Step by Step Detection

To help with debugging and understanding the model, there are 3 notebooks (inspect_data.ipynb, inspect_model.ipynb, inspect_weights.ipynb) that provide a lot of visualizations and allow running the model step by step to inspect the output at each point. Here are a few examples:

1. Anchor sorting and filtering

Visualizes every step of the first stage Region Proposal Network and displays positive and negative anchors along with anchor box refinement.

2. Bounding Box Refinement

This is an example of final detection boxes (dotted lines) and the refinement applied to them (solid lines) in the second stage.

3. Mask Generation

Examples of generated masks. These then get scaled and placed on the image in the right location.

4.Layer activations

Often it's useful to inspect the activations at different layers to look for signs of trouble (all zeros or random noise).

5. Weight Histograms

Another useful debugging tool is to inspect the weight histograms. These are included in the inspect_weights.ipynb notebook.

6. Logging to TensorBoard

TensorBoard is another great debugging and visualization tool. The model is configured to log losses and save weights at the end of every epoch.

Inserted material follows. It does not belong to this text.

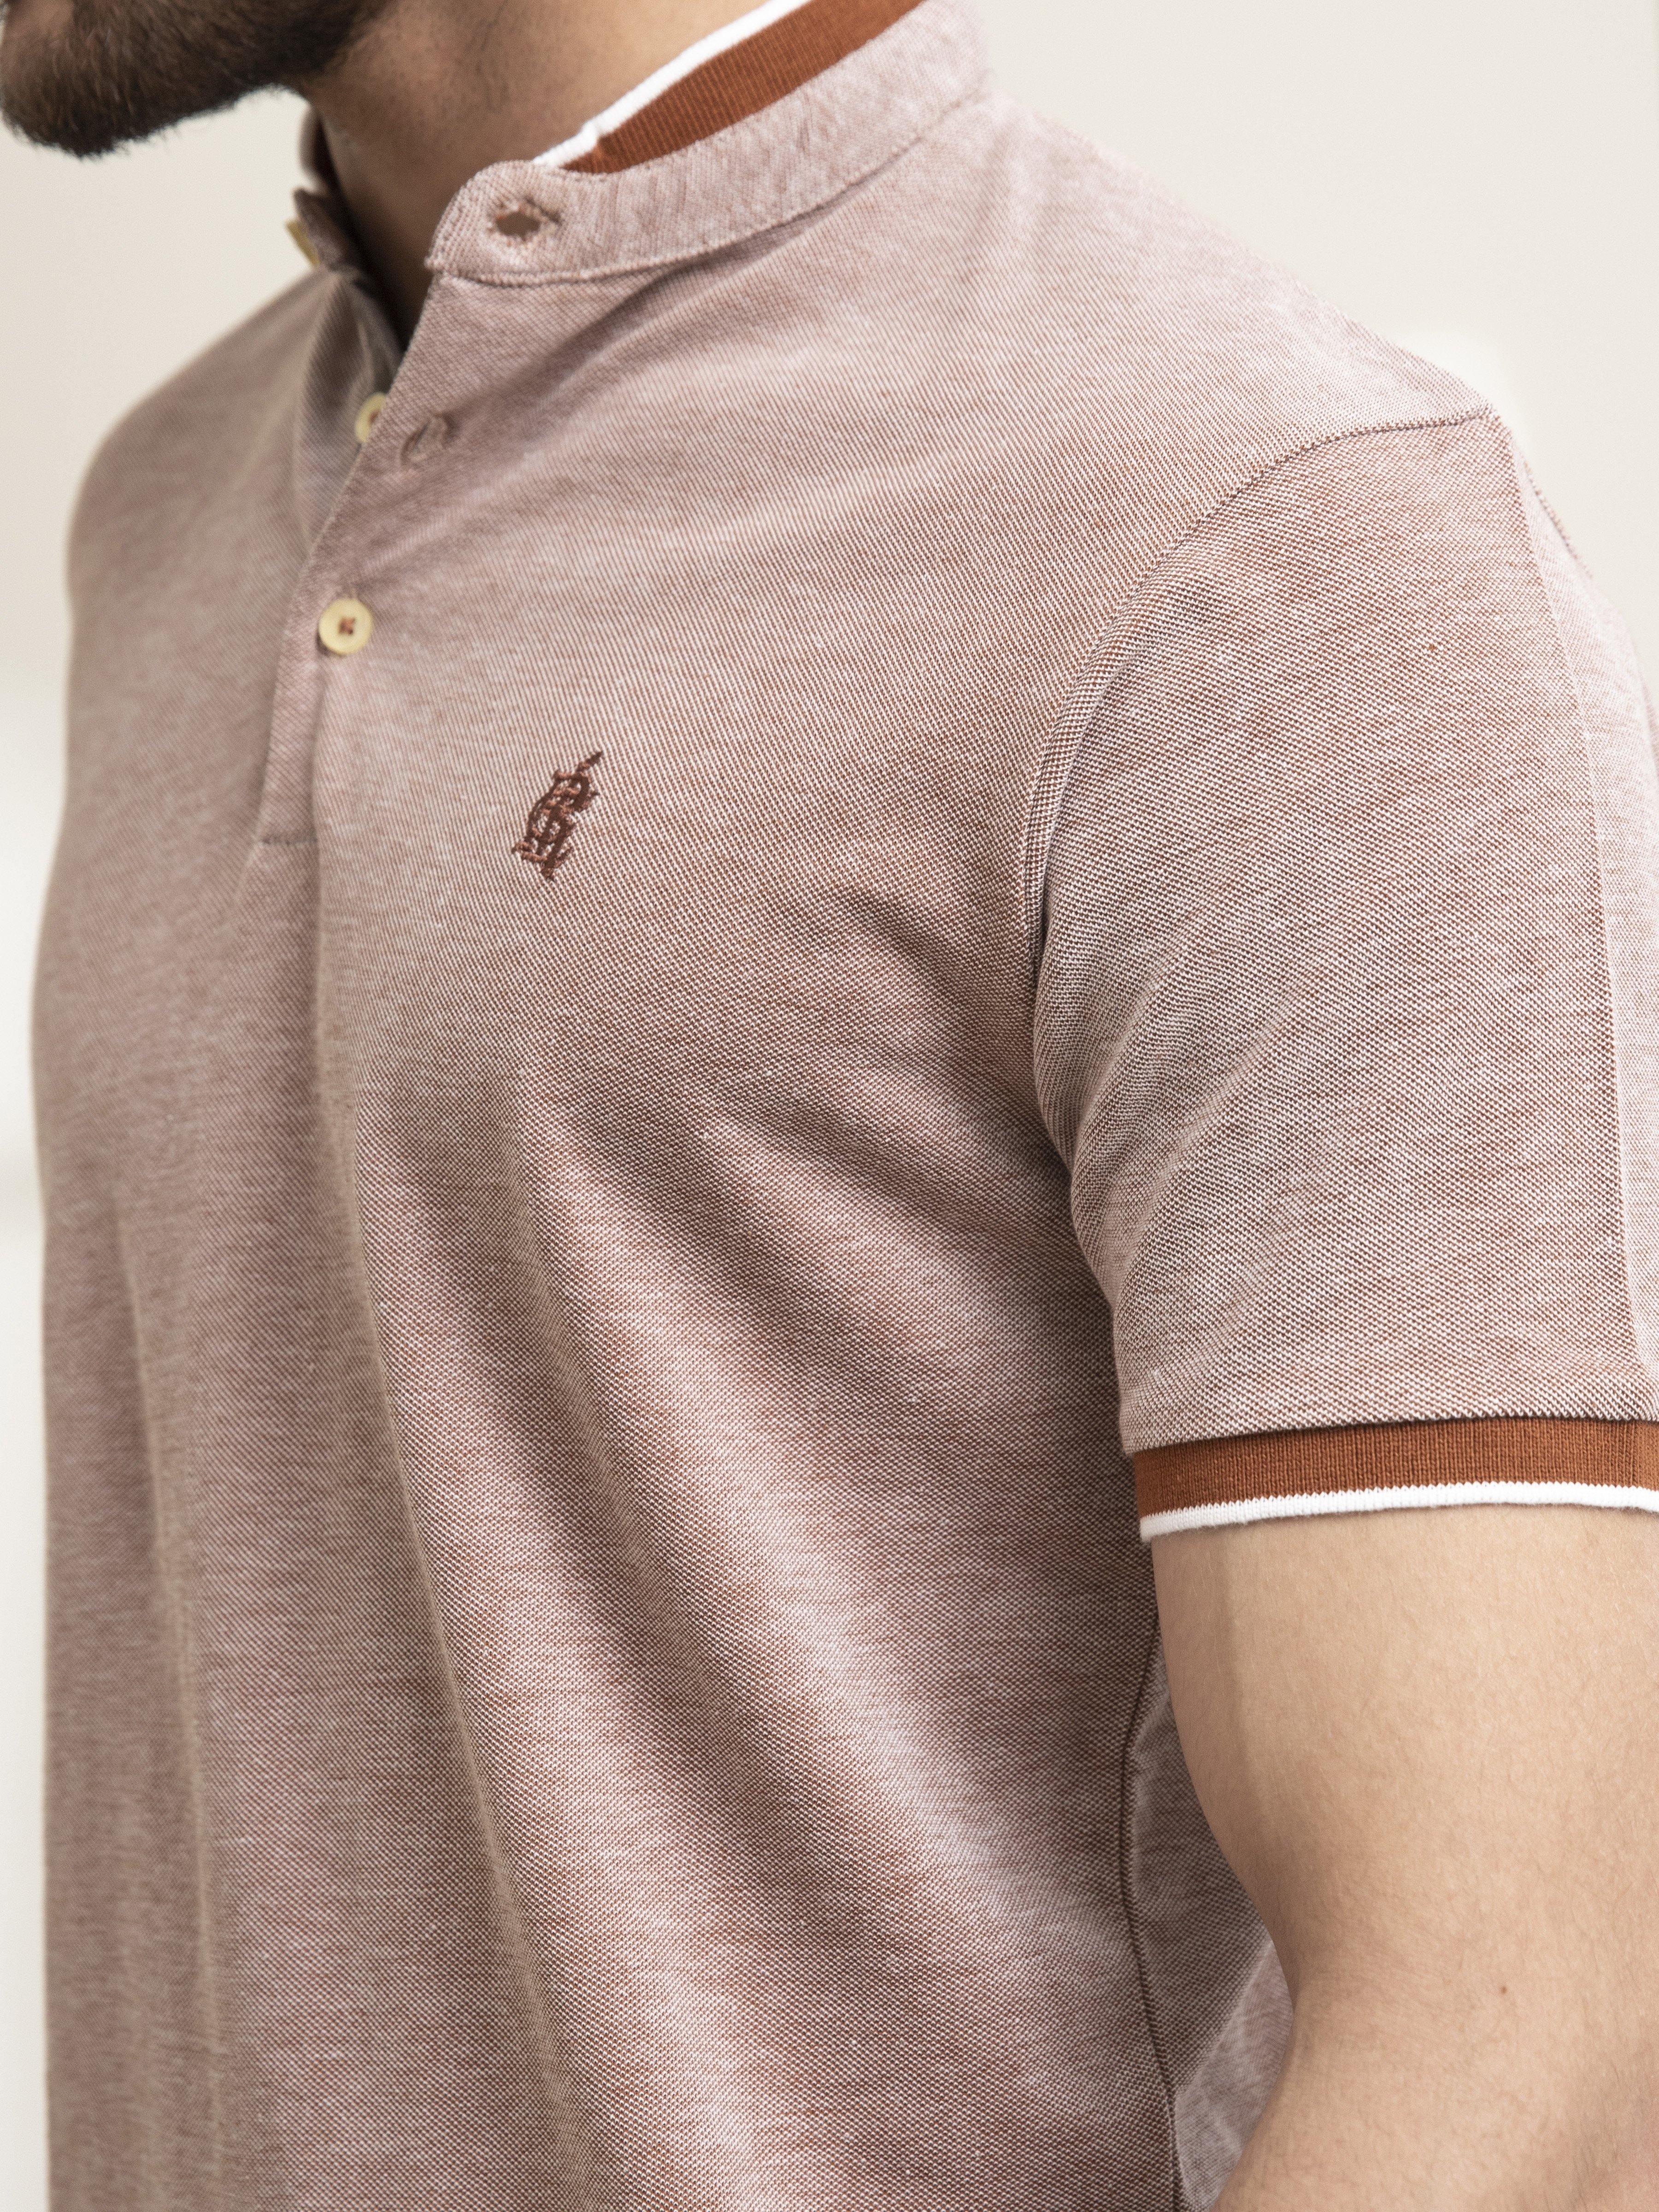 T SHIRT BAN COLLAR BIRD EYE WITH EMBROIDERY RUST at Charcoal Clothing

6. Composing the different pieces into a final result

Training on MS COCO

We're providing pre-trained weights for MS COCO to make it easier to start. You can use those weights as a starting point to train your own variation on the network. Training and evaluation code is in samples/coco/coco.py. You can import this module in Jupyter notebook (see the provided notebooks for examples) or you can run it directly from the command line as such:

# Train a new model starting from pre-trained COCO weights
python3 samples/coco/coco.py train --dataset=/path/to/coco/ --model=coco

# Train a new model starting from ImageNet weights
python3 samples/coco/coco.py train --dataset=/path/to/coco/ --model=imagenet

# Continue training a model that you had trained earlier
python3 samples/coco/coco.py train --dataset=/path/to/coco/ --model=/path/to/weights.h5

# Continue training the last model you trained. This will find
# the last trained weights in the model directory.
python3 samples/coco/coco.py train --dataset=/path/to/coco/ --model=last

You can also run the COCO evaluation code with:

# Run COCO evaluation on the last trained model
python3 samples/coco/coco.py evaluate --dataset=/path/to/coco/ --model=last

The training schedule, learning rate, and other parameters should be set in samples/coco/coco.py.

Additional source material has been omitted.